Putting All of Them In One Place:

hd1 <- h1s$get_qi(xvalue="x1", qi="fd")
hd2 <- h2s$get_qi(xvalue="x1", qi="fd")
hd3 <- h3s$get_qi(xvalue="x1", qi="fd")
hd4 <- h4s$get_qi(xvalue="x1", qi="fd")

hdfd <- as.data.frame(cbind(hd1, hd2, hd3,hd4))

hdd <- hdfd %>% 
  gather(Race, Aidmv, 1:4)


datatable(hdd)

Group Different Race:

# Renaming
hdd$Race=recode(hdd$Race,'V1' = 'WHITE_FEMALE', "V2"="BLACK_FEMALE", "V3"="HISPANIC_FEMALE","V4" ="OTHER_FEMALE")

# Group By
rf_mean<-hdd %>% 
  group_by(Race) %>% 
  summarise(mean = mean(Aidmv), sd = sd(Aidmv))

datatable(rf_mean)

From this result, I can say that Female of all race are on average less likely to diagnoses with AIDS than male exccept for Hispanic female. Difference between male and female in terms of diagnoses with AIDS among white race is the significant compare to any other races where white female are on average 19.7 less likely to diagnoses with AIDS.

Plotting the Distributions:

ggplot(hdd, aes(Aidmv)) + geom_histogram() + facet_grid(~Race,scales = "free")+geom_vline(data=rf_mean,aes(xintercept=mean), color="red",linetype = "dashed",size = 1)+xlab("First Differences Mean Value ")+ theme(panel.background = element_rect(fill = "aliceblue",colour = "aliceblue"))

Result and Limitation :

By conducting simulation base count data regression analysis, I can say that my hypothesis was right that different factor like race, sext and amount of people diagnoses does effect on AIDS diagnoses count. Nevertheless, the important variables that I could not control for were age and income and this variables can effect the number of ADIS diagnosos.The dataset doesn’t contain those variable.
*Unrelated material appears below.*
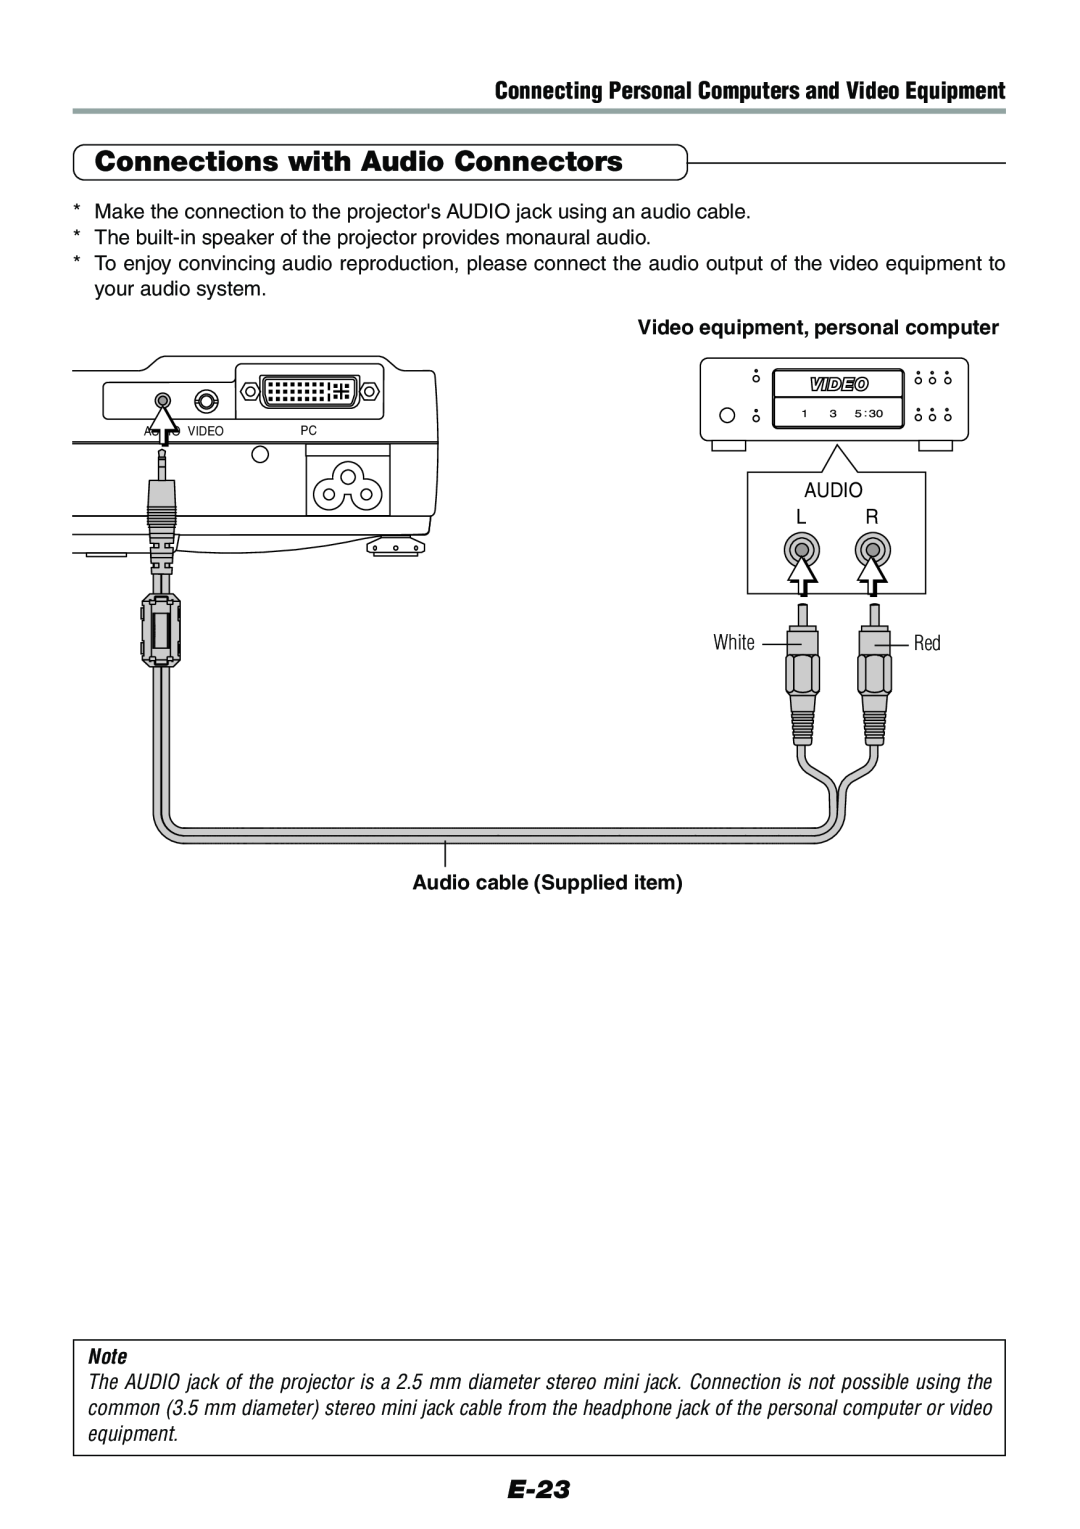 Epson V-1100 user manual Connections with Audio Connectors, E-23, Connecting Personal Computers and Video Equipment

Therefore, my analysis can have potential bias, but like every mode, my model is not perfect.

Some More Visitation Using jtools(Without Zelig):

#My Best Model from Zelig

library(jtools)
a.test <- glm(TOTAL.NUMBER.OF.AIDS.DIAGNOSES~SEX* RACE.ETHNICITY+TOTAL.NUMBER.OF.HIV.DIAGNOSES  +TOTAL.NUMBER.OF.CONCURRENT.HIV.AIDS.DIAGNOSES + YEAR, family = poisson(link = "log"), data = hiv)

Creating Poisson Regression Coefficient Plots With ggplot2:

plot_summs(a.test, scale = TRUE, exp = TRUE,color.class = "forestgreen")+ theme(panel.background = element_rect(fill = "aliceblue",colour = "aliceblue"))

We can see White Race are significantly differ from other in term how sprade the coefficient are, as we saw before in the expected mean of female AID diagnoses which are really low compare to male.

Ploting Race:

effect_plot(a.test, pred=RACE.ETHNICITY, int.width = .8,colors="forestgreen")+ theme(panel.background = element_rect(fill = "aliceblue",colour = "aliceblue"))

This Shows that even though White Female significantly less likely to diagnosis with AIDS than male(from our previous simulation) but model prediction that overall whites are less likely to have AIDS diagnoses compare to Black

Ploting Number of HIV Diagnoses:

effect_plot(a.test, pred = TOTAL.NUMBER.OF.HIV.DIAGNOSES,colors='forestgreen')+ theme(panel.background = element_rect(fill = "aliceblue",colour = "aliceblue"))

As number of HIV Diagnosis increase the number of AIDS increase which we saw before.